▶ [EXERCISE]:
Set down, word for word, the line with "GUIDE-MANUEL DE L'HORLOGER, Saunier" and the lines after it through the final line of the data below, without pictures.

▶ [INFORMATION SHOWN]:

Content starts

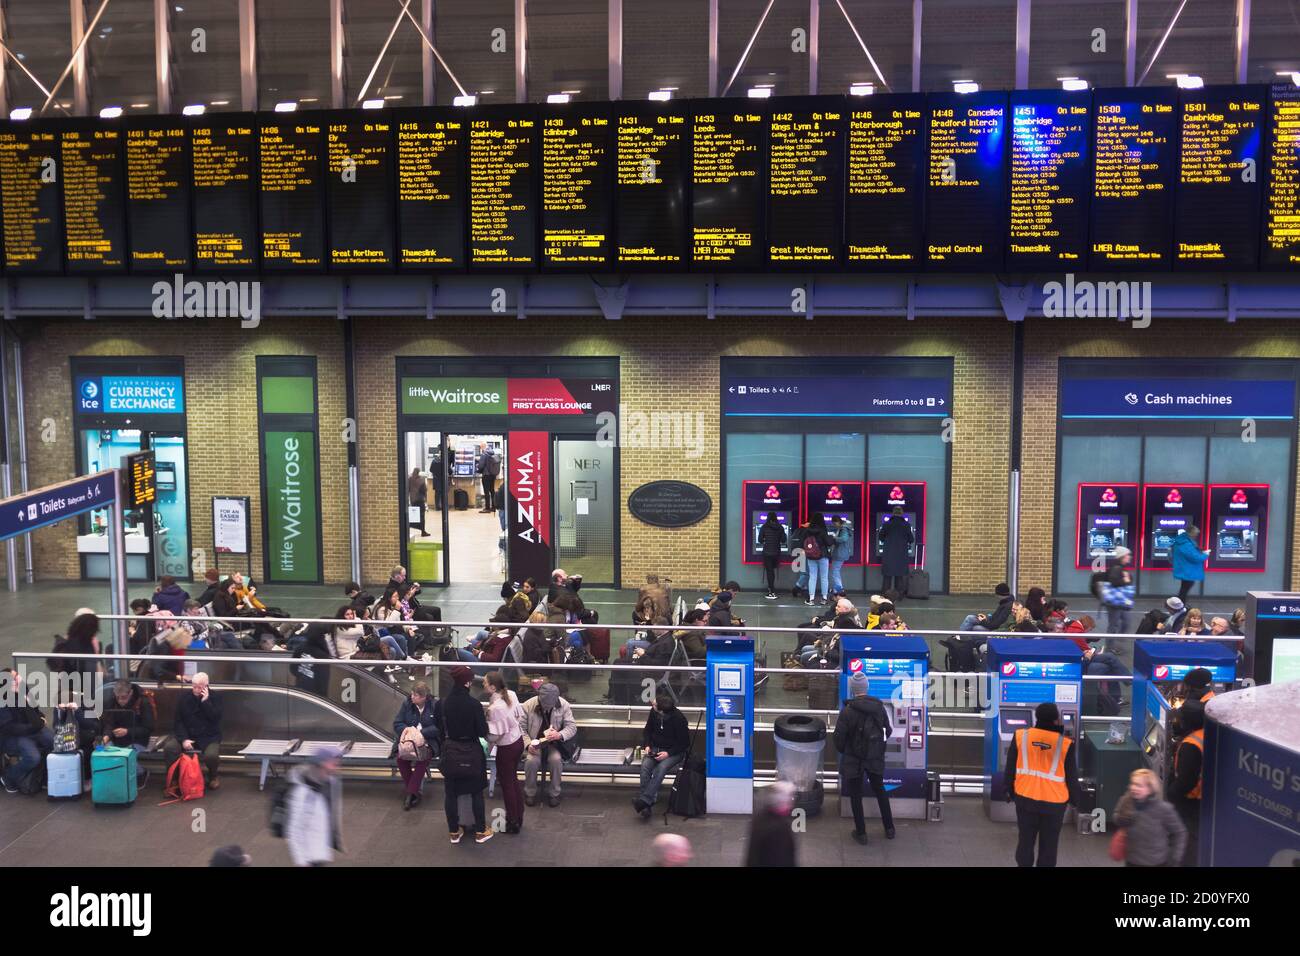 départ du terminus du chemin de fer dh KINGS CROSS-STATION LONDON Concourse boards montez à bord passagers angleterre royaume-uni Banque D'Images
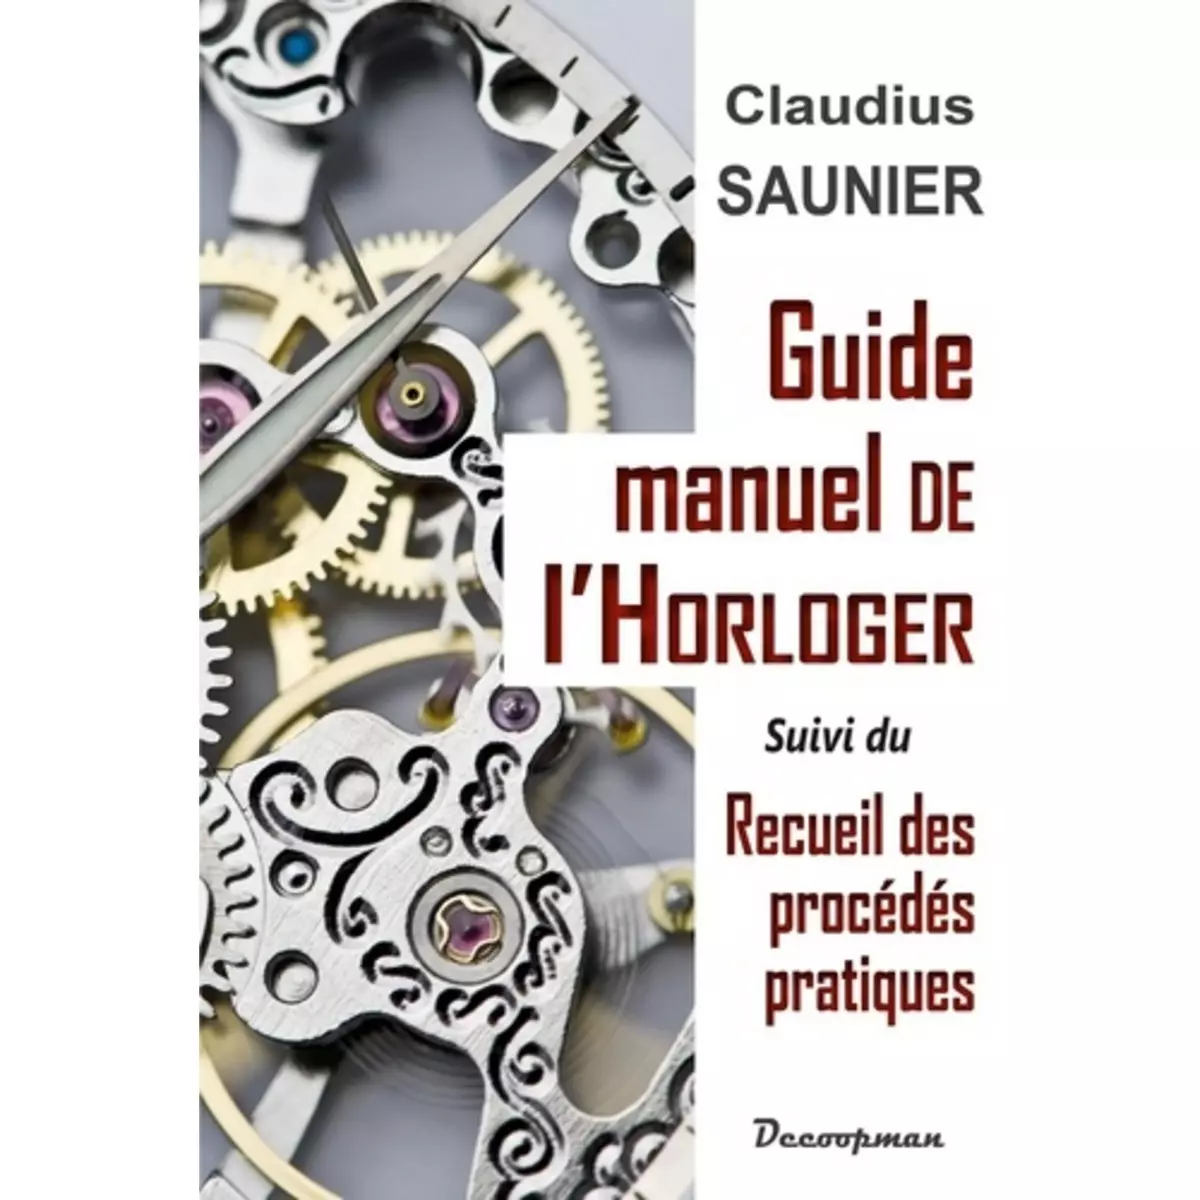  GUIDE-MANUEL DE L'HORLOGER, Saunier Claudius
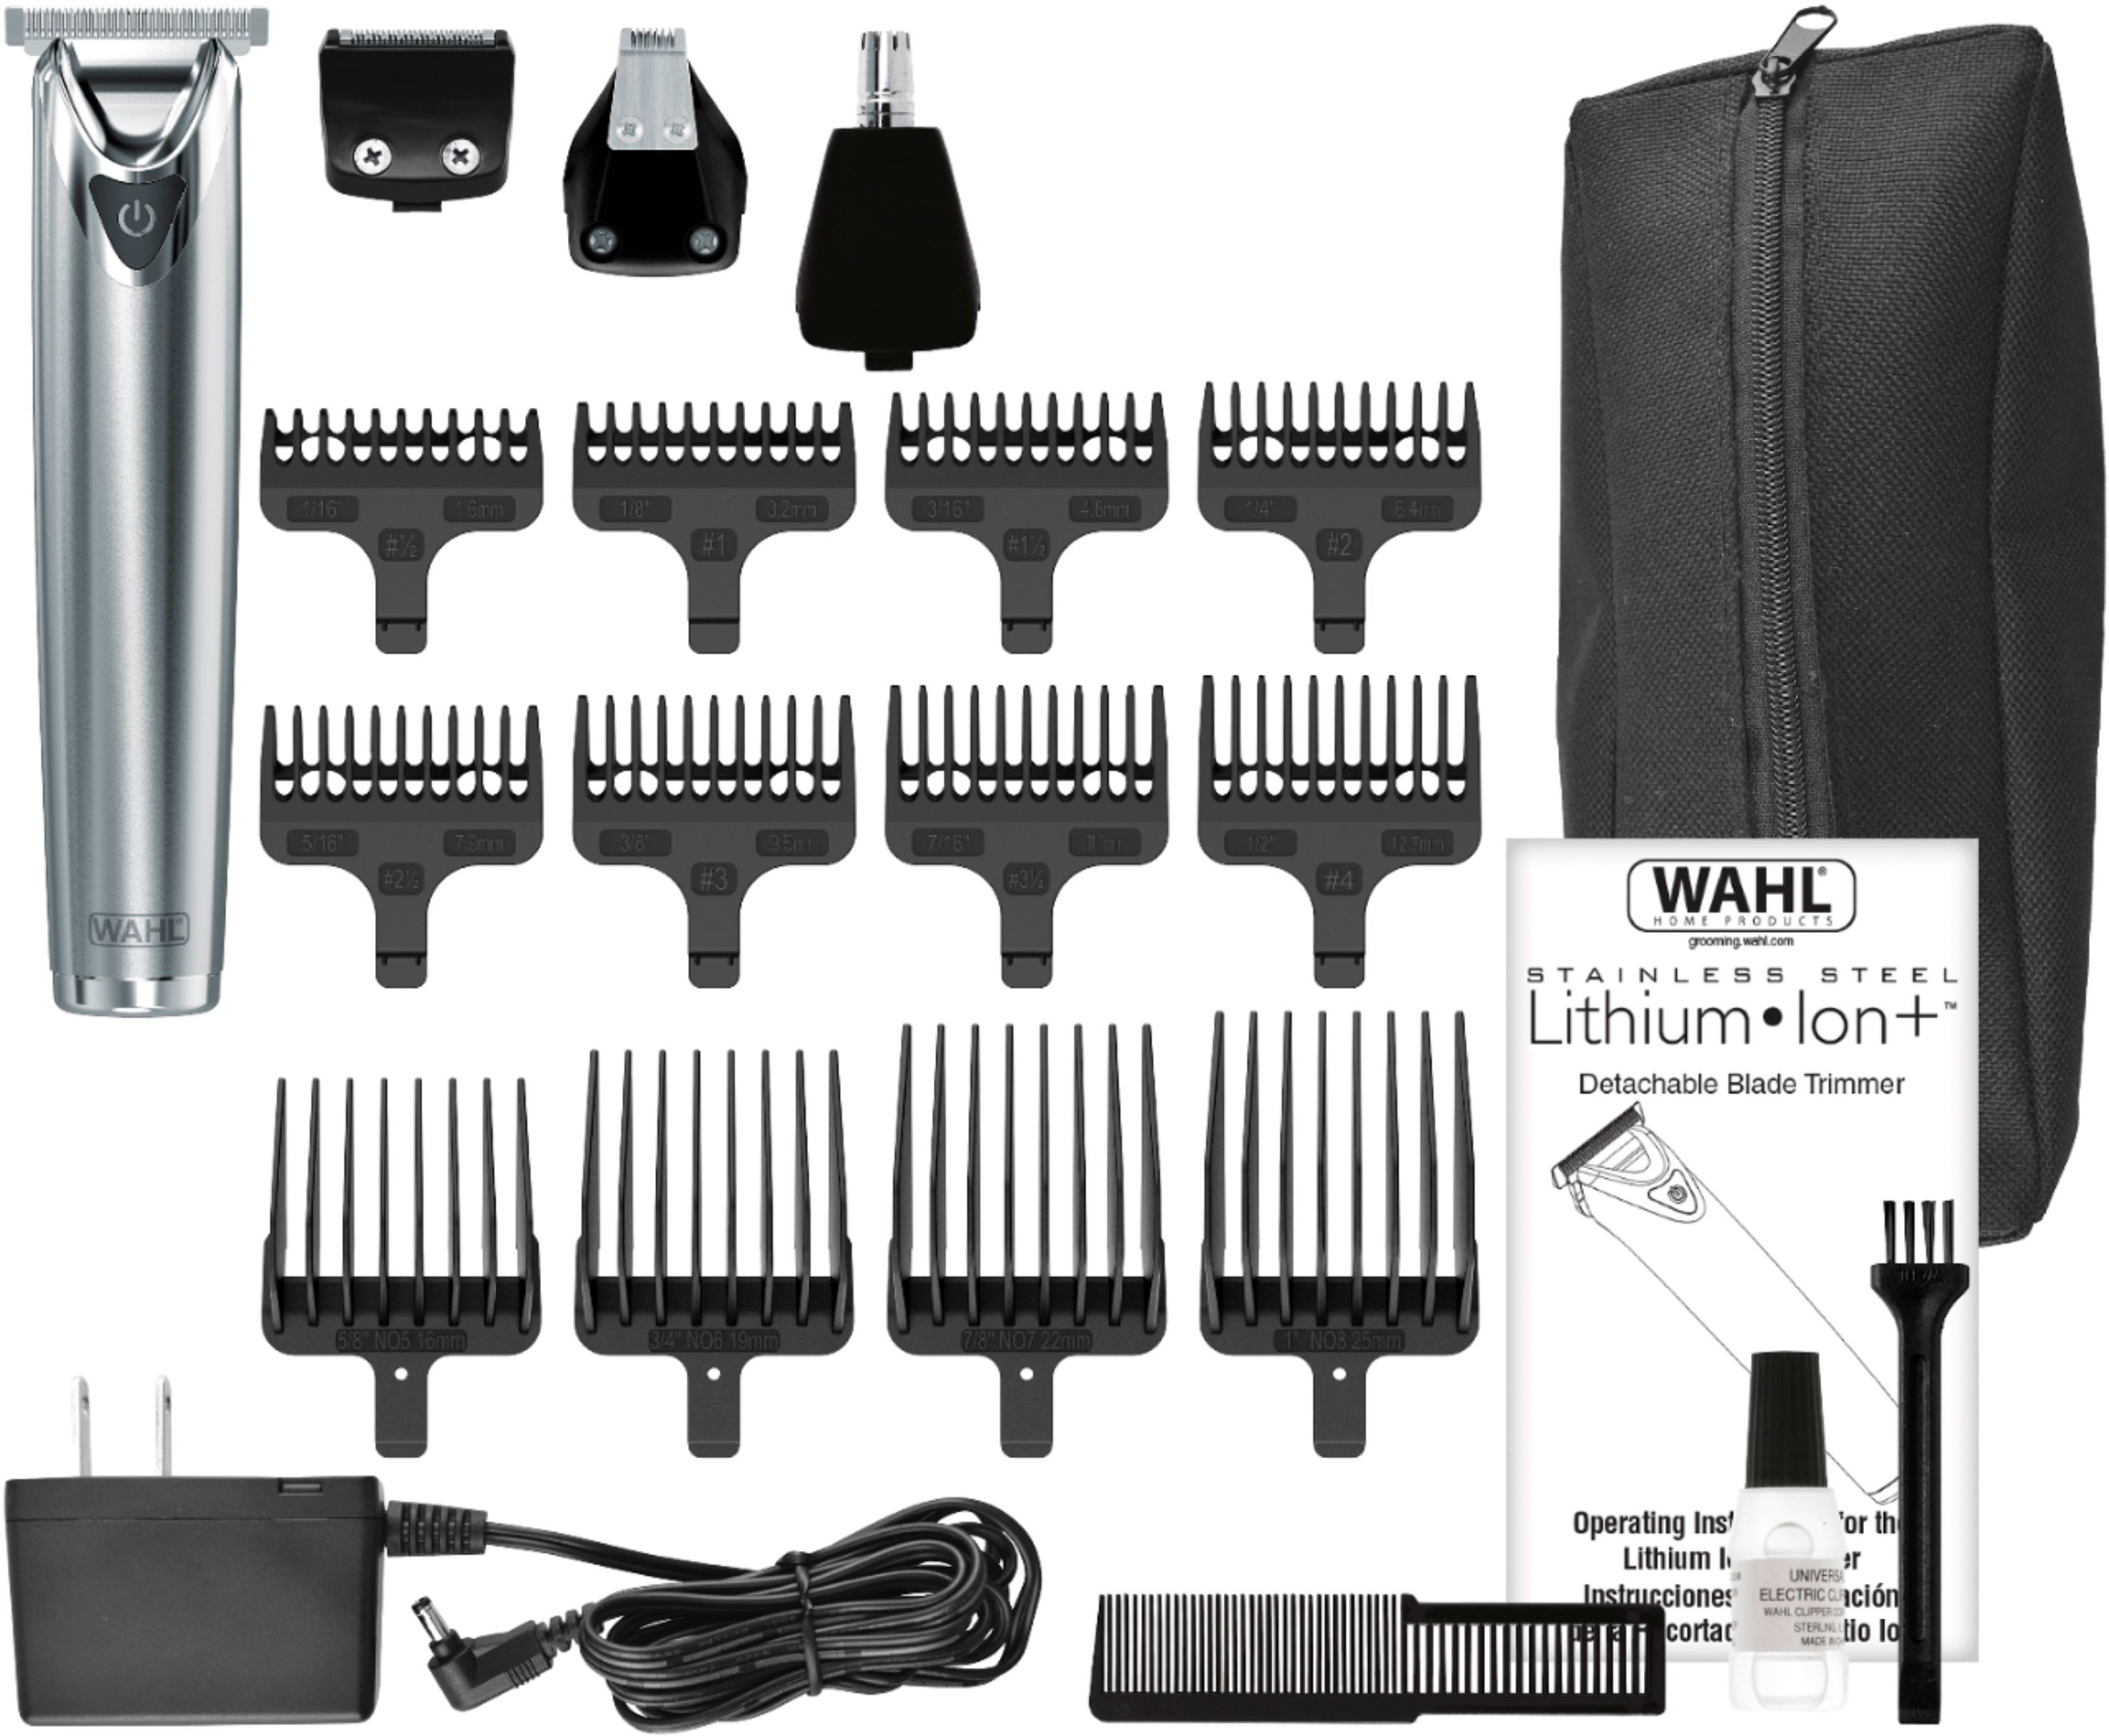 wahl lithium ion plus stainless steel grooming kit

Content ends

▶ [TASK OUTPUT]:
  GUIDE-MANUEL DE L'HORLOGER, Saunier Claudius
 wahl lithium ion plus stainless steel grooming kit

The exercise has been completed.